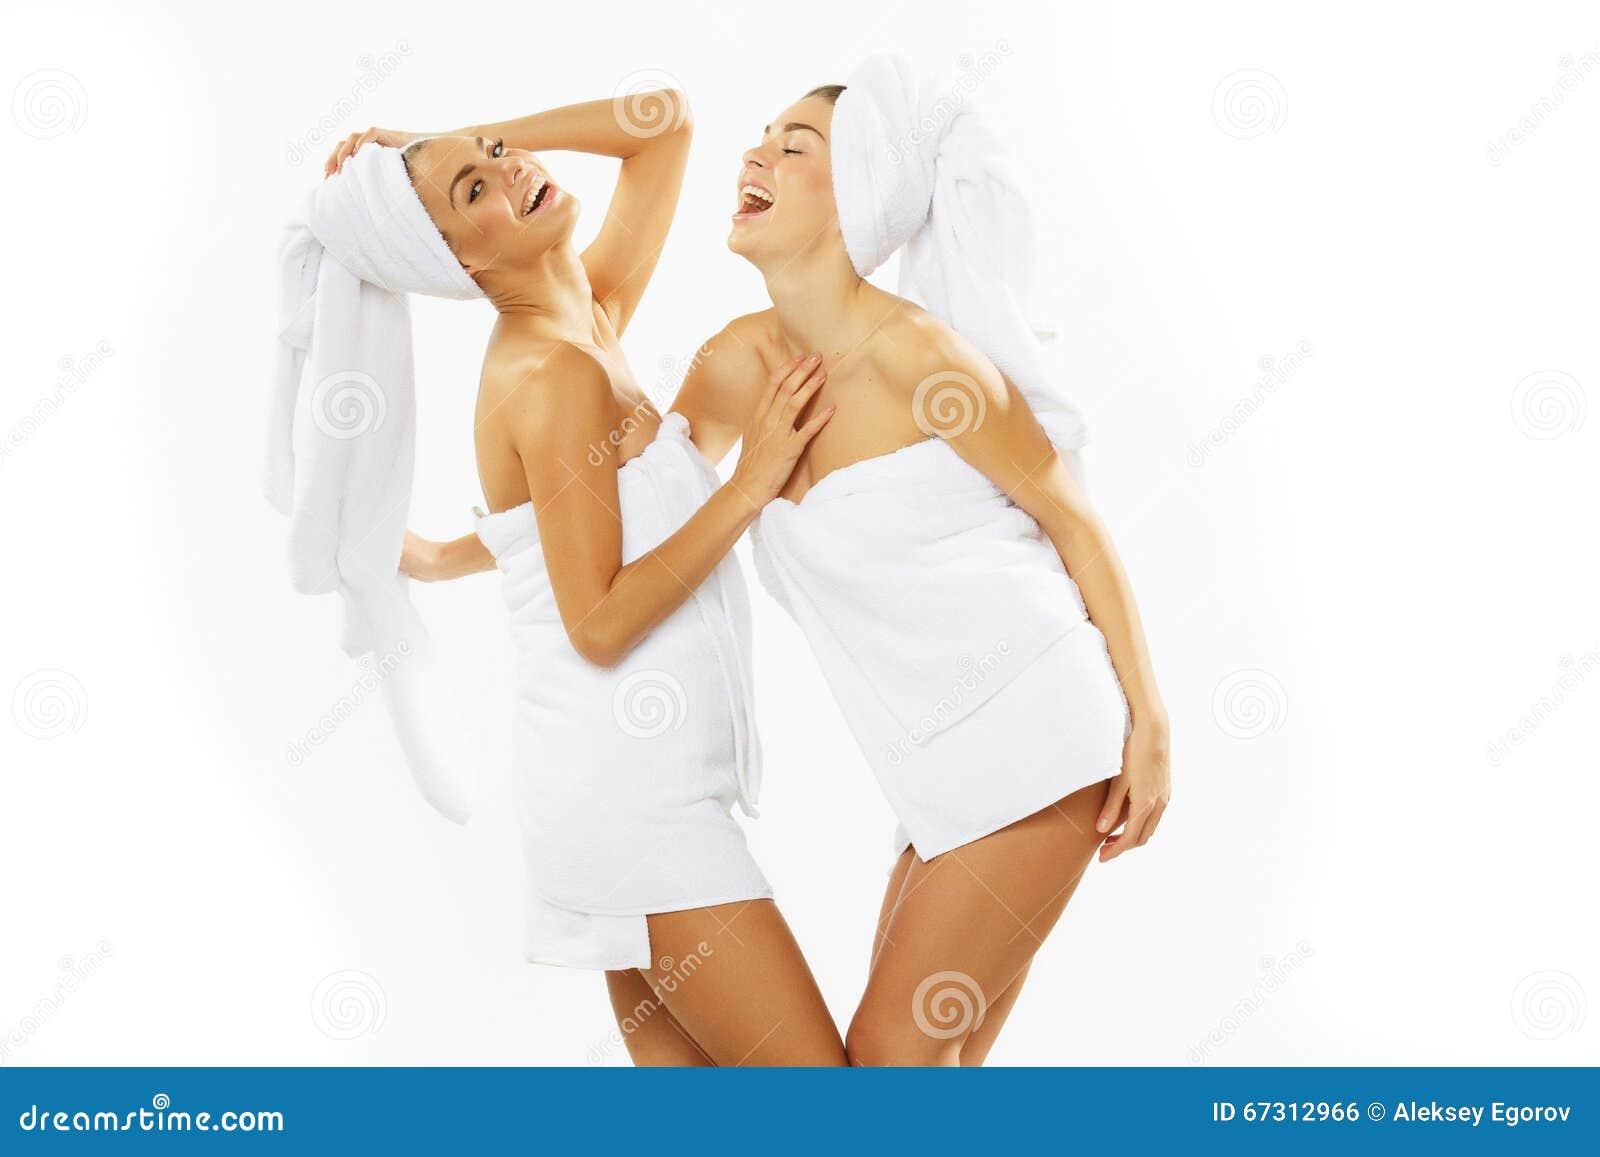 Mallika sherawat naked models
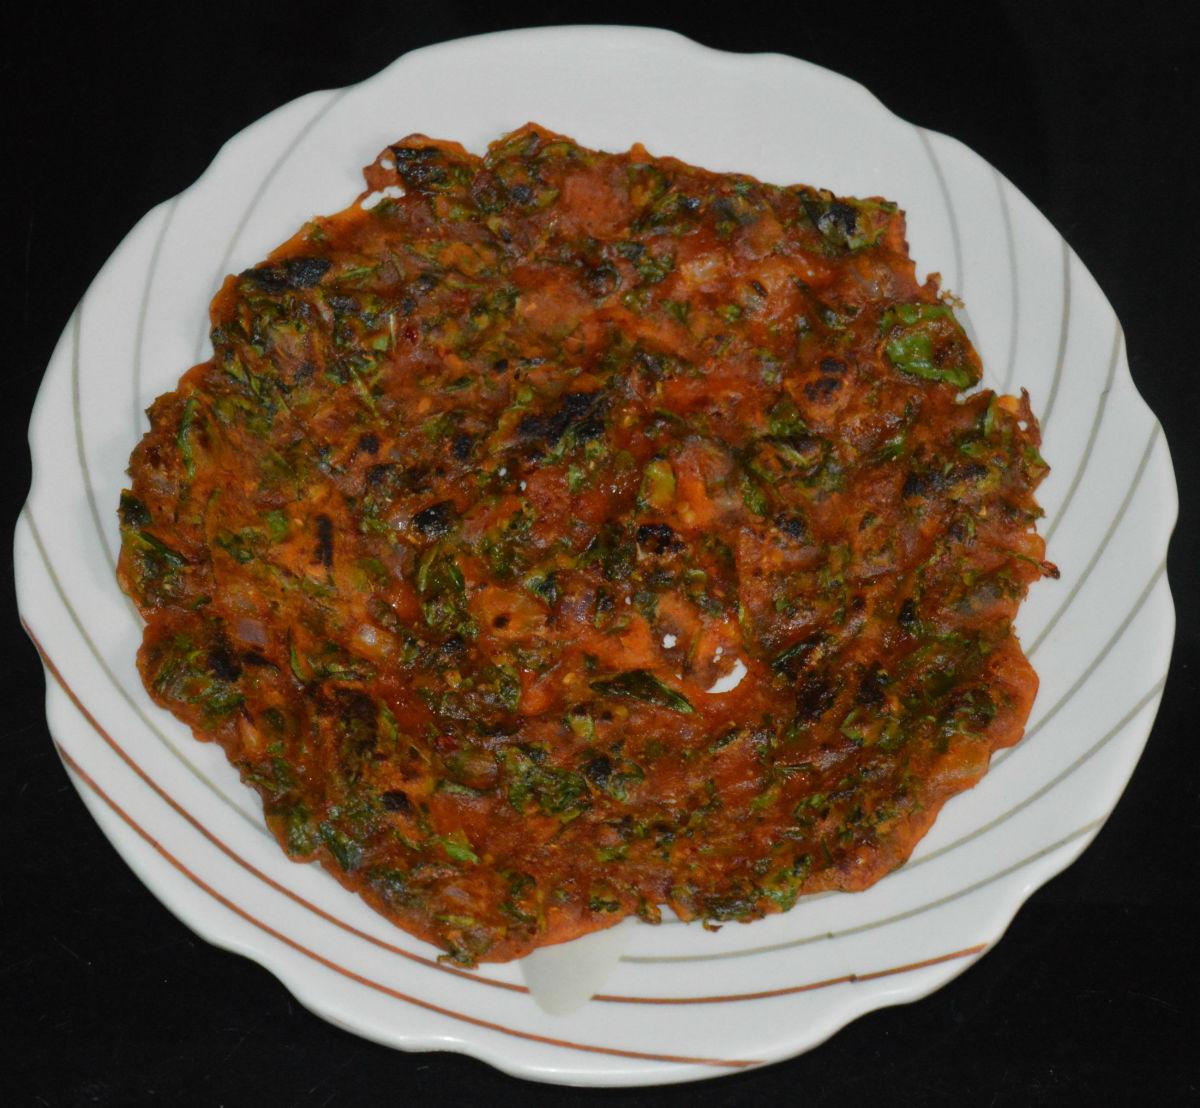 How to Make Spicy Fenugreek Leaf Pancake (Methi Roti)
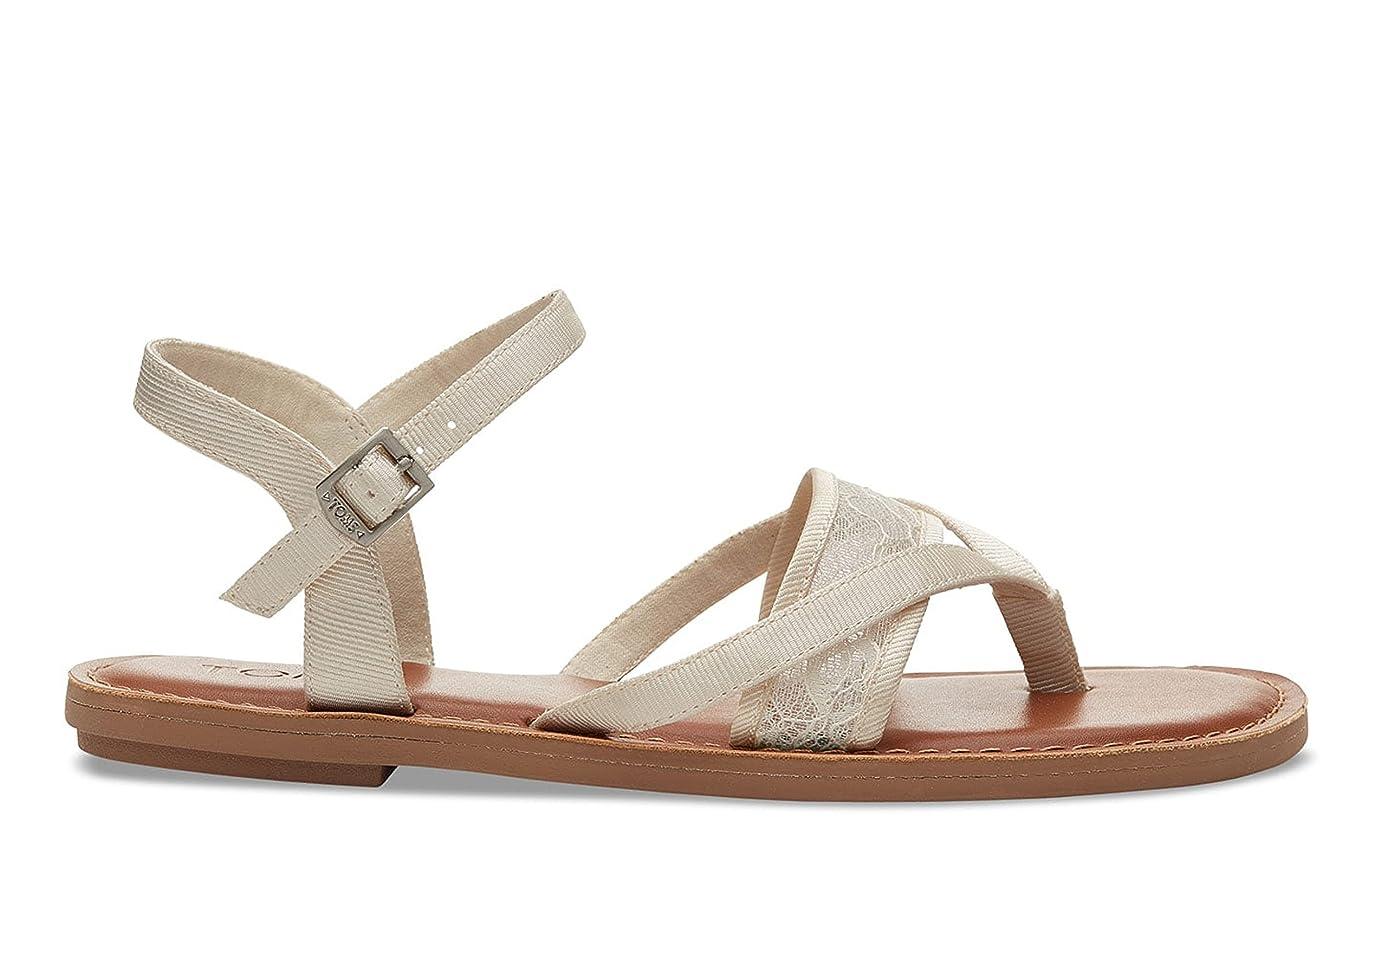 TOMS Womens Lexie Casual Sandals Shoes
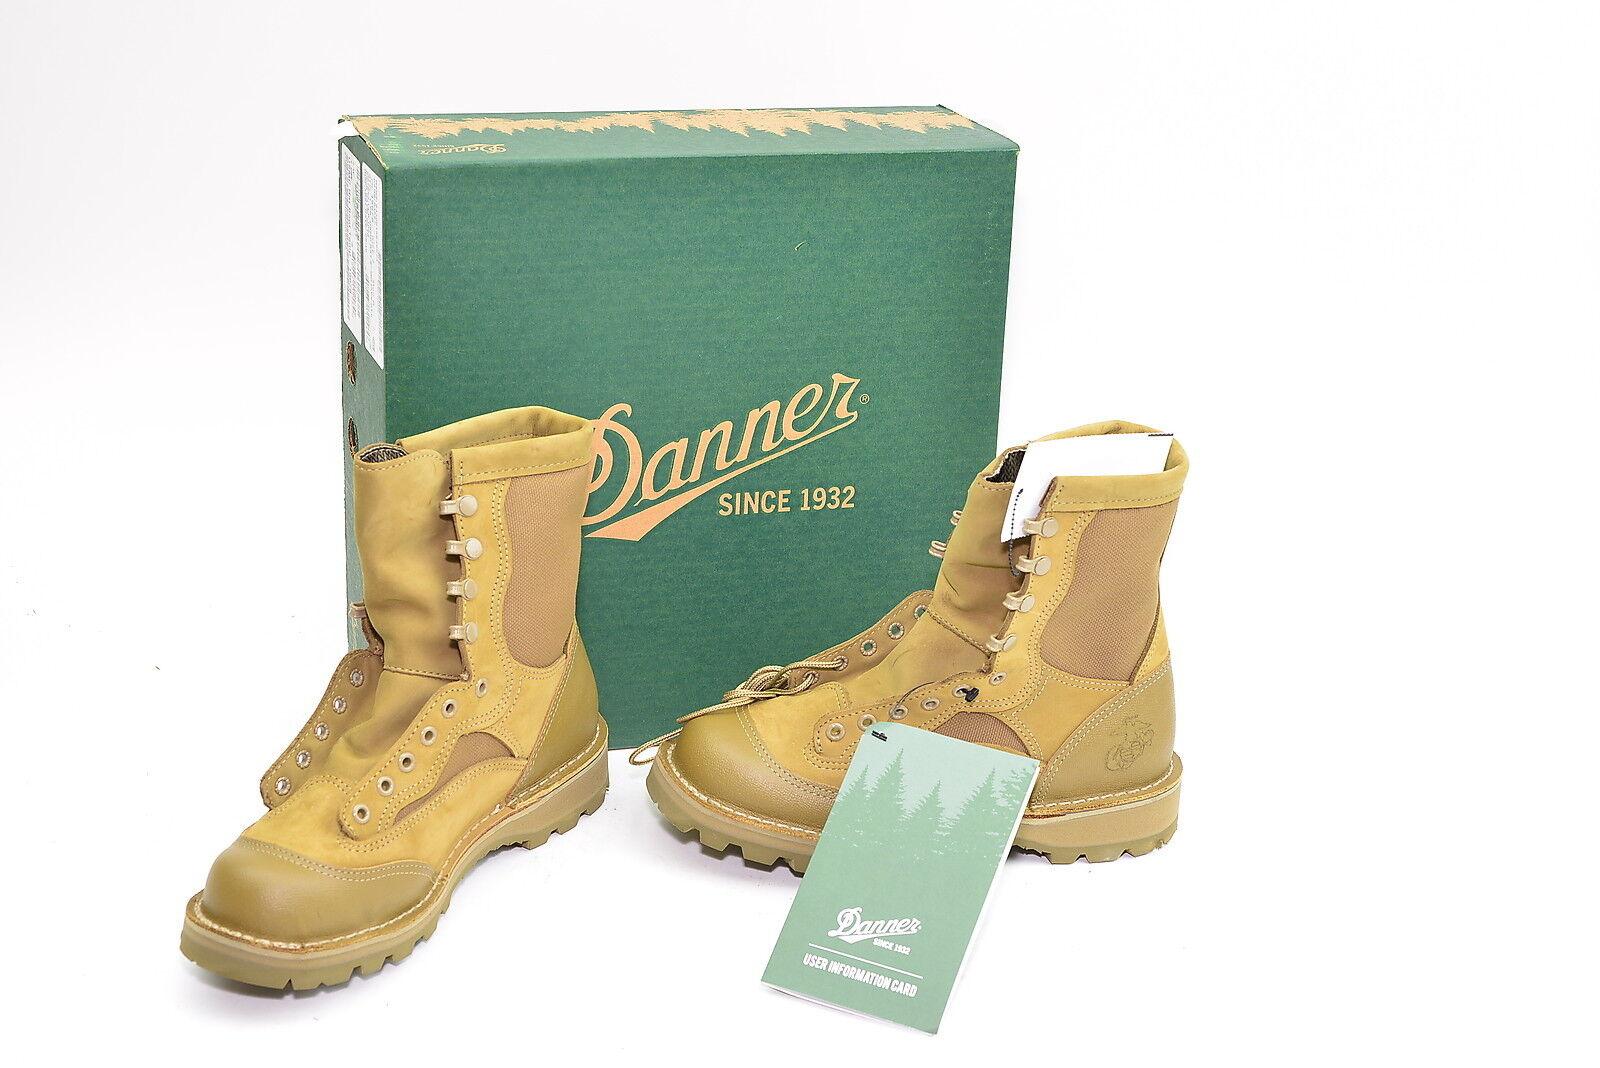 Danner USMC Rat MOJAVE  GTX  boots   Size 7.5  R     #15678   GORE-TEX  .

#####

DESCRIPTION OF THE TASK: Every line of the data above should be repeated exactly. Omit the pictures.

RESPONSE FOR THIS EXERCISE:
 Mallika sherawat naked models
 How to Make Spicy Fenugreek Leaf Pancake (Methi Roti)
 TOMS Womens Lexie Casual Sandals Shoes
 Danner USMC Rat MOJAVE  GTX  boots   Size 7.5  R     #15678   GORE-TEX  .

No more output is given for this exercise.